鳥葬について

鳥葬や風葬は、ご遺体を大気に触れるように安置するという点で共通しており、日本でも行われていました。これらは、野葬とよばれたり、曝葬とよばれたりすることもあります。これら方法は、自然葬の一種としてとらえることができるでしょう。
現代の日本では基本的にご遺体を放置することは刑法上禁じられており、場合によっては遺体損壊罪や遺体遺棄罪に問われる場合もありますので注意が必要です。
それでは、鳥葬と風葬について簡単に見てまいりましょう。
鳥葬とは、ご遺体を地表に安置し、鳥に啄ばませる方法で行う葬儀で、現在でもチベット等で行われているので耳にしたことのある方も多いのではないでしょうか。

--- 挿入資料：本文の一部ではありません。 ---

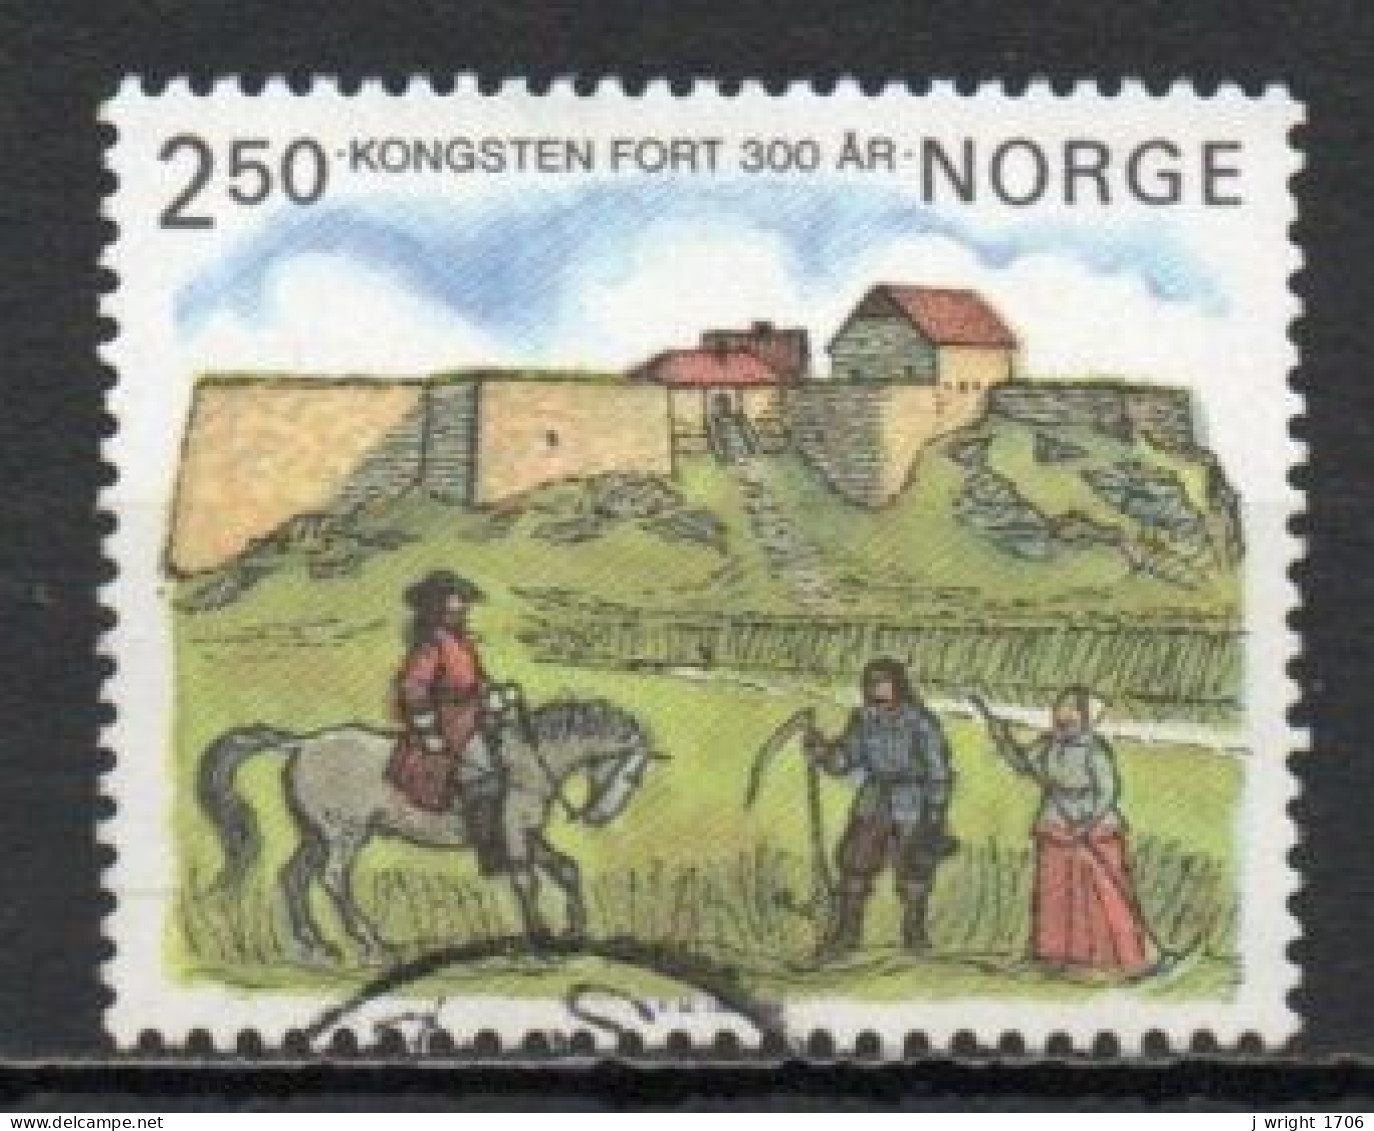 Norway, 1985, Kongsten Fort 300th Anniv, Set, USED - Gebruikt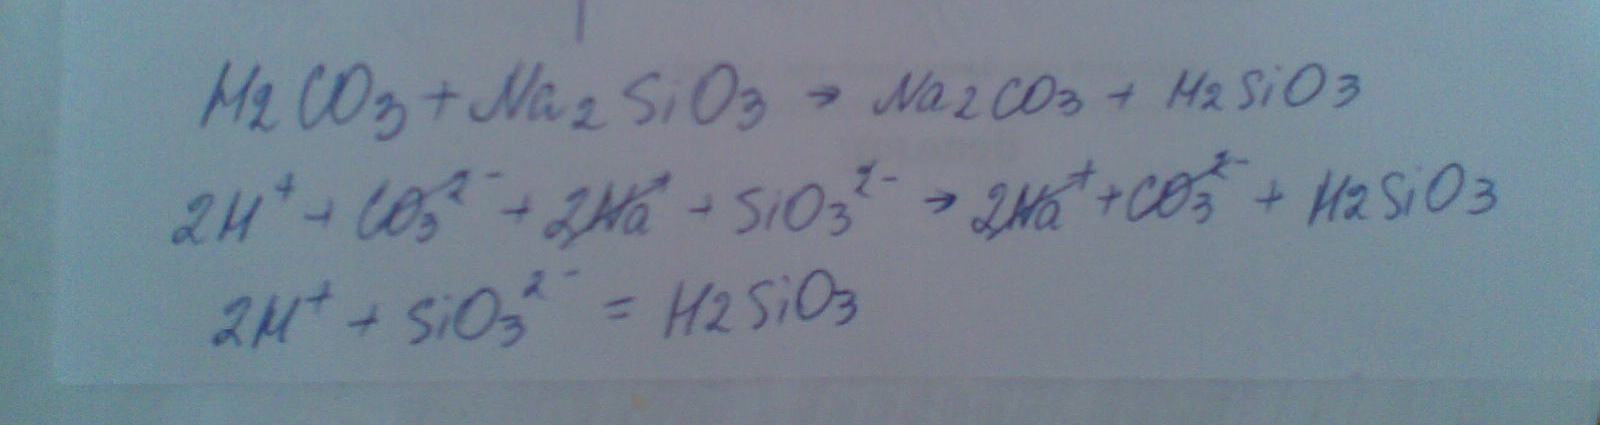 Sio 2 koh. 2h sio3 h2sio3 молекулярное уравнение. H2sio3 прокалили.

鳥に啄ばまれることから残虐であるとの声もありますが、チベット仏教においては、魂の抜けた後の肉体は殻であり、鳥を介することでその肉体を天に送り届けるといった意味を持っており、決して残虐な方法とはいえないと思われます。これに加えて、薪などの火葬のための燃料を確保するのが難しい地域で行われていることにも特徴があります。
日本では、鳥葬と訳することが一般的ですが、他に天葬・空葬と訳される場合もあります。
また、チベット仏教だけではなく、インドのゾロアスター教においても鳥葬が行われる場合があります。
次に、風葬とは、ご遺体を崖・洞窟・樹上などに安置し、風にさらし風化を待つ方法で行われる葬儀のことをいいます。日本では、崖下墓の習慣が石垣島や宮古島といった南西の島々に残っており、かつては沖縄や奄美などで見られました。
風葬には、ご遺体をそのままの状態で大気にさらし、風化を待つスタイルと布やむしろなどで包んでおくスタイルがあります。
しかし、現在では、公衆衛生上の要請から、風葬は行われなくなり、埋葬が一般化しています。
このように、現在においては埋葬が一般的になってきていますが、埋めるという方法が唯一の葬儀方法ではありません。もっといえば、現在まで行われている葬儀の方法以外に、さらに古くから行われてきているものも多くあるのです。
そこで、自分の価値観においては残酷であると感じたとしても、他者のもつ伝統的な文化はたやすく否定すべきでないと私は考えています。